What you should do: Give the data again exactly, without images.

Dataset excerpt:
====

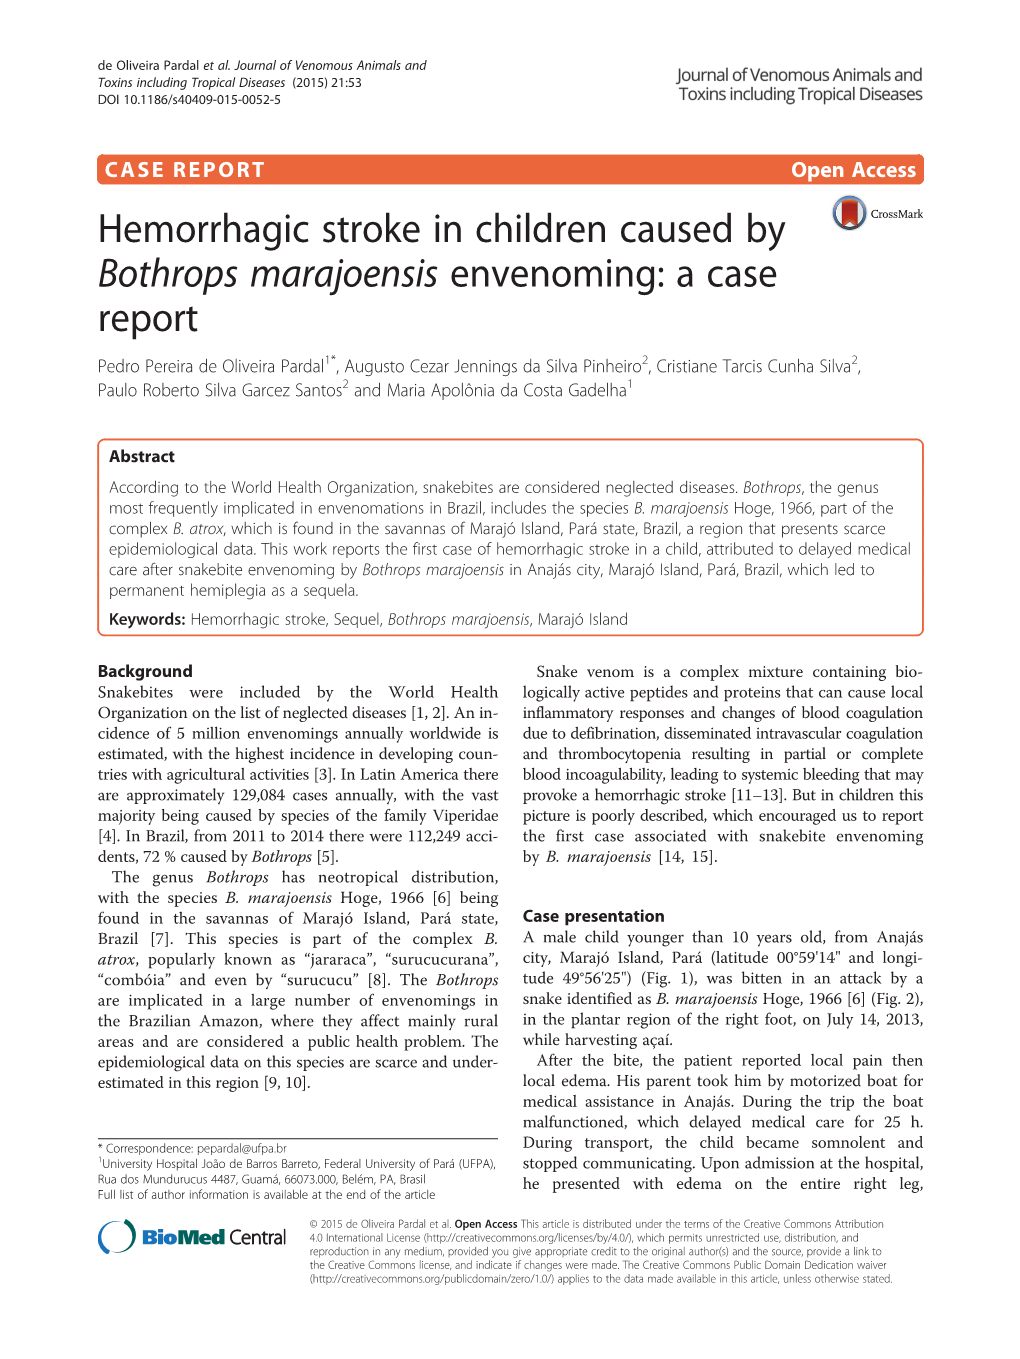 Hemorrhagic Stroke in Children Caused by Bothrops Marajoensis
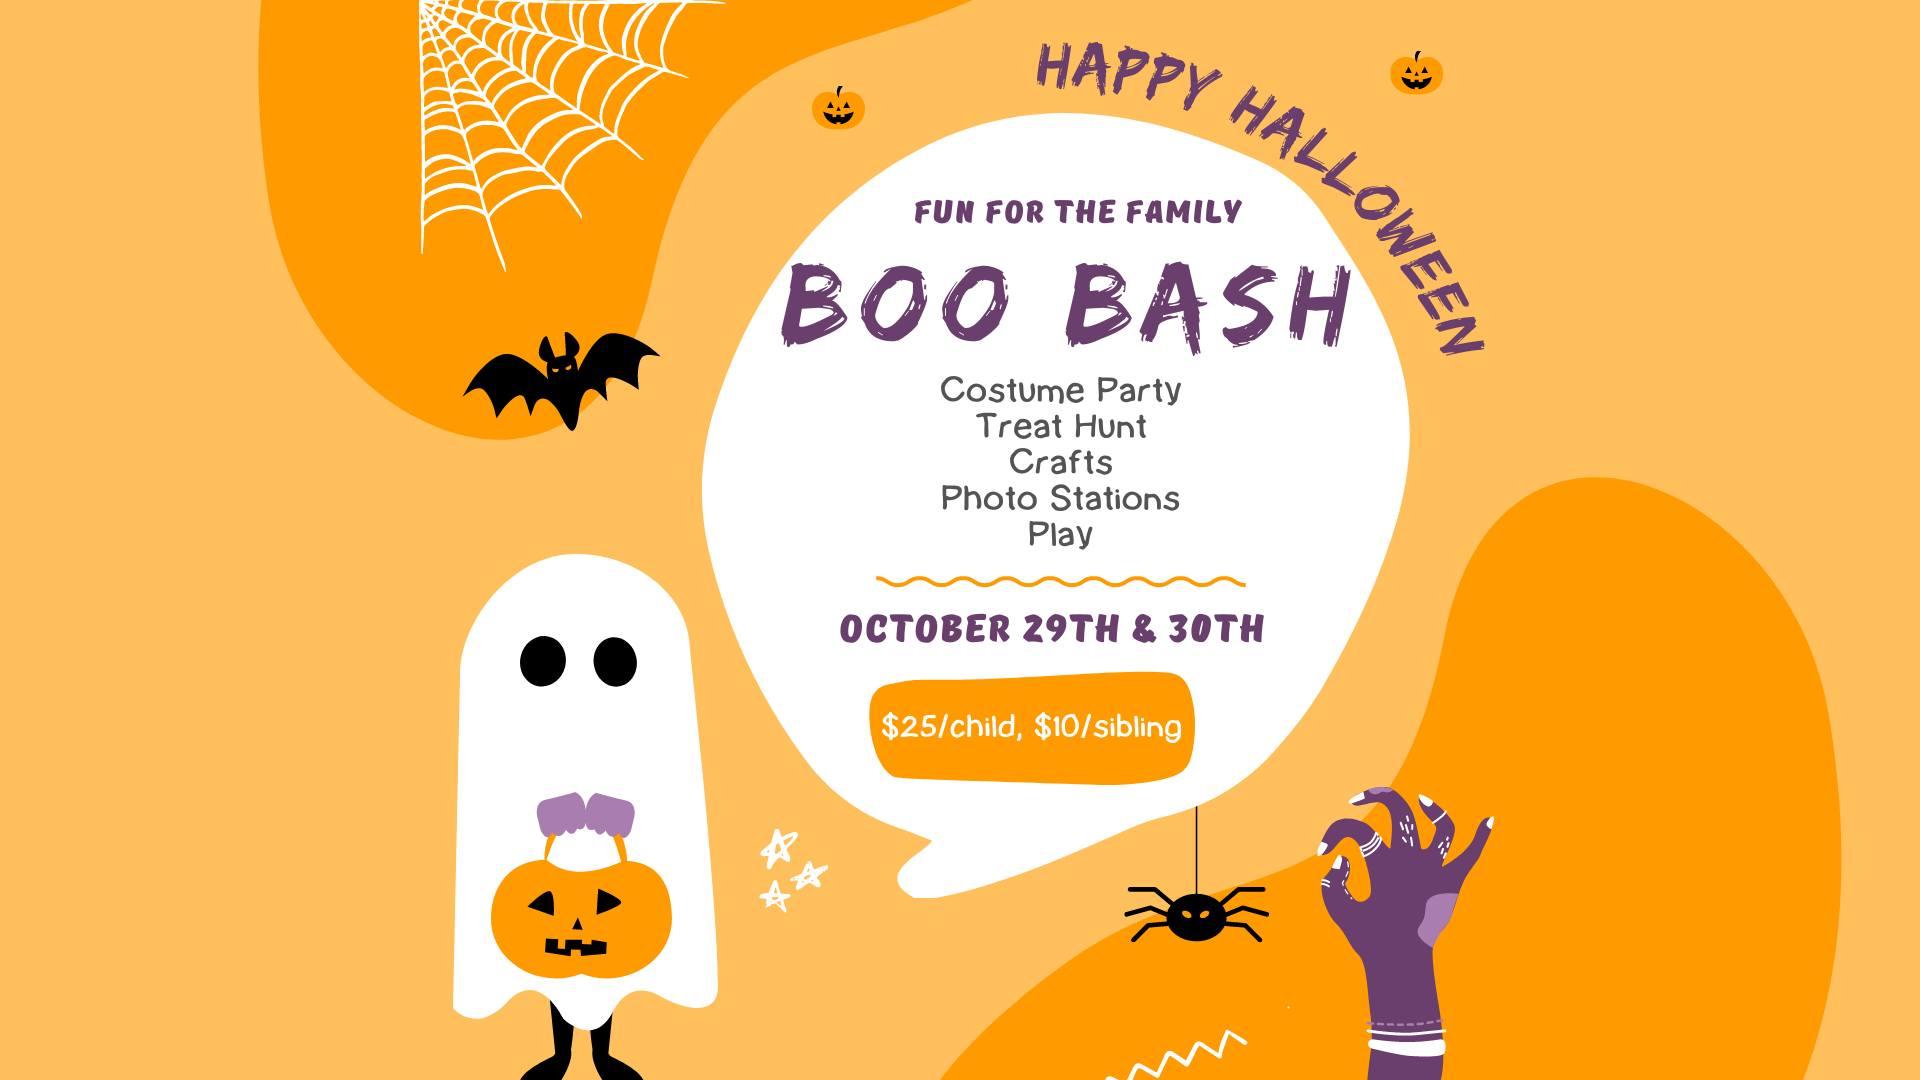 Halloween Boo Bash
Sat Oct 29, 8:00 AM - Sun Oct 30, 9:30 AM
in 9 days

====

Task solution:
 Hemorrhagic Stroke in Children Caused by Bothrops Marajoensis
 Halloween Boo Bash
Sat Oct 29, 8:00 AM - Sun Oct 30, 9:30 AM
in 9 days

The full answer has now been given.